A major source of errors is the blocking of GPS signals due to tunnels, buildings, trees, rocks or other obstructions near the road. These errors could be corrected using the GCPs and the overlap between the forth and back recordings. To determine the relation between the number and distribution of GCPs versus accuracy, the number of GCPs was systematically reduced from all to a spacing of 500m (Table 1).

 

Raw data

All GCPs

GCP spacing

100m

200m

500m

Z average magnitude

12.8

0.1

0.3

0.5

2.5

Z standard deviation

 

0.1

0.5

0.7

1.9

XY average magnitude

7.4

0.7

1.3

1.8

2.4

 

Table 1, Relationship between accuracy [cm] and spacing of GCPs.

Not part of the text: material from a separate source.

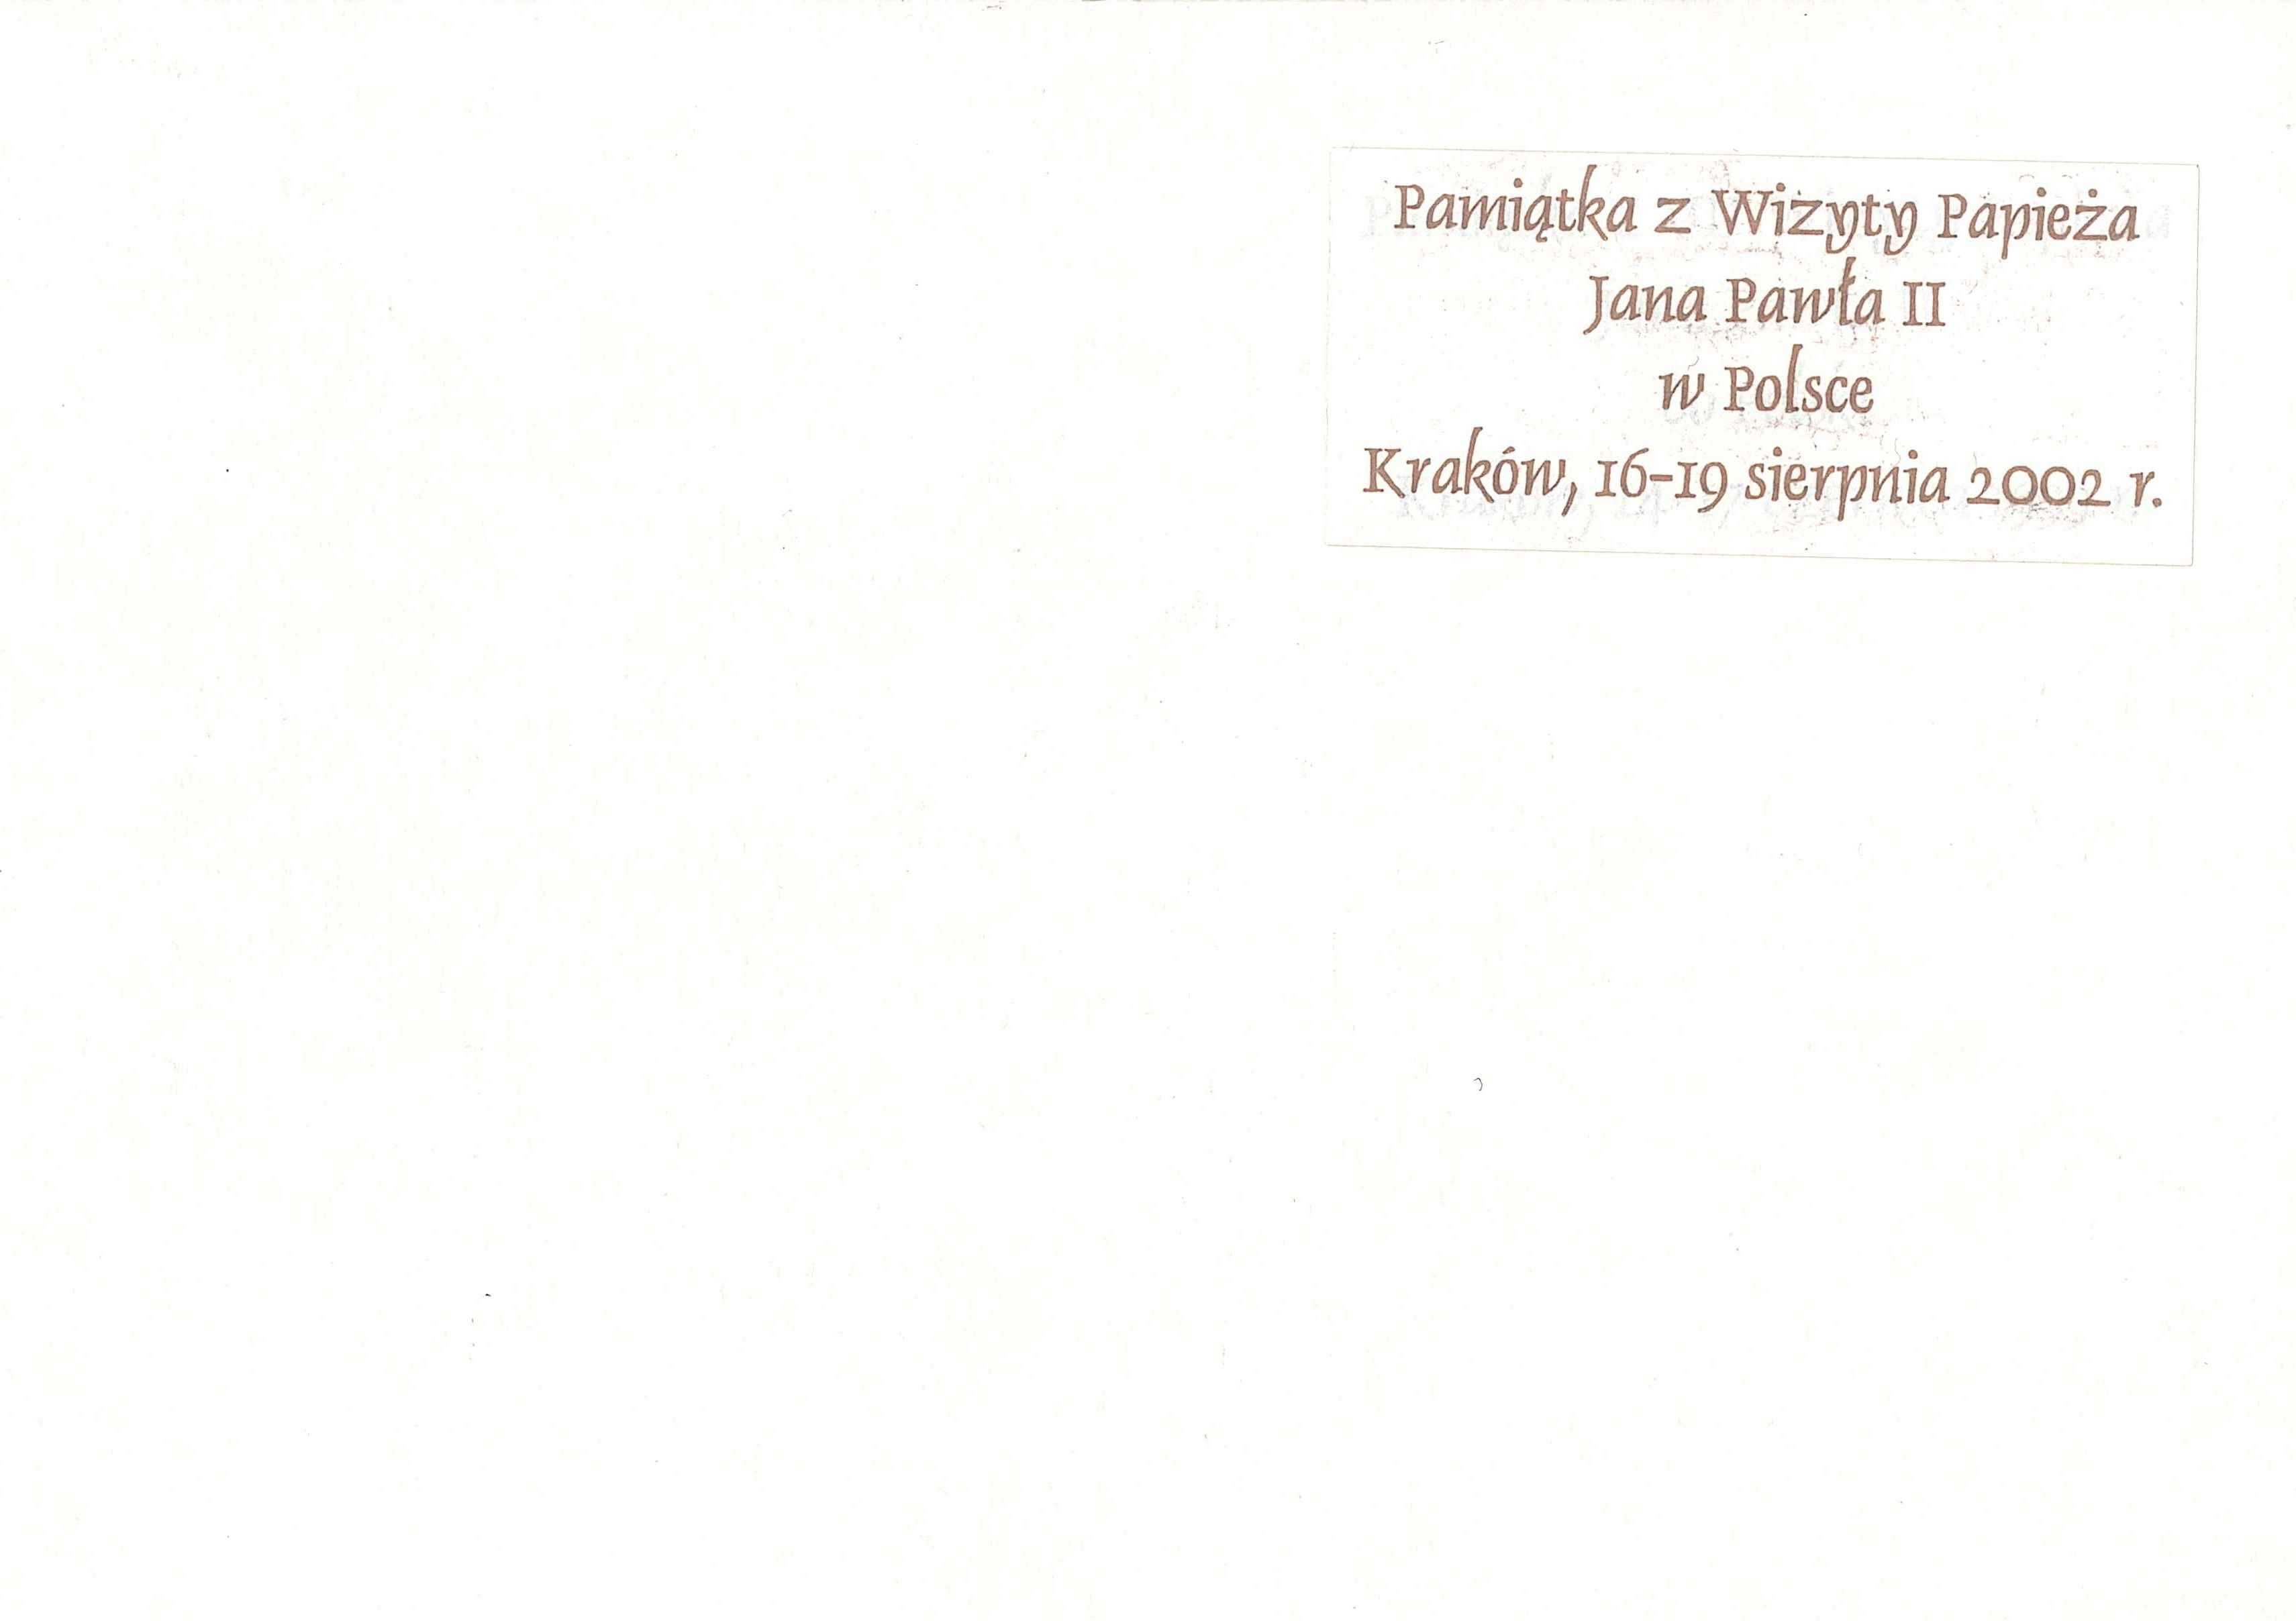 Pocztówka - Wizyta Papieża Jana Pawła II w Polsce. Kraków 2002

A GCP spacing of 100 to 200 metres provides good accuracy, but with coarser spacing the accuracy diminishes quickly due to the non-linearity of the drift of the raw trajectory positioning. For high-accuracy work, the spacing should not exceed 50m for elevation and about 250m for planar coordinates. In addition, the elevation of the GCPs should be measured using a levelling instrument to obtain high accuracy.

Road Surface

After matching the overlap between the forth and back recordings, all non-road points were removed automatically. Orthoimagery with 1cm ground sample distance (GSD) was generated to support detection of road damage and previous repair work (Figure 1). Centre and edge lines and road edges were then digitised manually from the combined laser data and orthoimagery resulting in an accurate vector dataset. The centre and edge lines were used to create a surface model which enabled the extraction from the laser data of ruts and potholes with a depth of at least 2cm. The vertical distance between the heights of inner and outer edges of the pavement (super-elevation) was visualised by across-road arrows and the gradients of the slope (Figure 2). Figure 3 shows seven classes of local slope gradients: red indicates smaller than 1%, orange 1% to 2%, yellow 2% to 3%, yellow-green 3% to 4%, green 4% to 5%, blue-green 5% to 6% and blue larger than 6%. Areas with high gradients will disturb driving conditions but will also have quick water run-off, while the water will remain on flat areas for longer.

Road Repair

The survey revealed an urgent need for renewing the asphalt. Road-design software is not well equipped for processing massive point clouds. Therefore the original 3D model was thinned and used for creating a new design surface which was imported into a machine control system and used for resurfacing the road. In addition, the data allowed an accurate estimation of the amount of materials needed for the surface renewal activities.

Concluding Remarks

Future solutions may include line-of-sight analysis (Figure 4), calculation of road-surface roughness and cross sections, automatic vectorisation of paint markings and road break lines and detection of objects in the vicinity of the road.

Acknowledgement

Thanks are due to Kjell Tuominen and Arttu Soininen of Terrasolid Ltd, and Manu Marttinen of NCC Roads Ltd.

Further Reading

www.terrasolid.com/download/presentations/2012/mobile_accuracy_and_control.pdf

Figure Captions

Figure 1, Potholes, ruts and other deformations with a depth of at least 2cm are shown in blue.

Figure 2, Super-elevation: the blue line marks the location of the road section (bottom)

Figure 3, Centre and edge lines are shown in white and local slope gradients shown as classes.

Figure 4, Objects blocking sight (orange); red numbers indicate the distances to an obstruction for which a driver will be unable to stop in time when driving at a speed of 100km/h.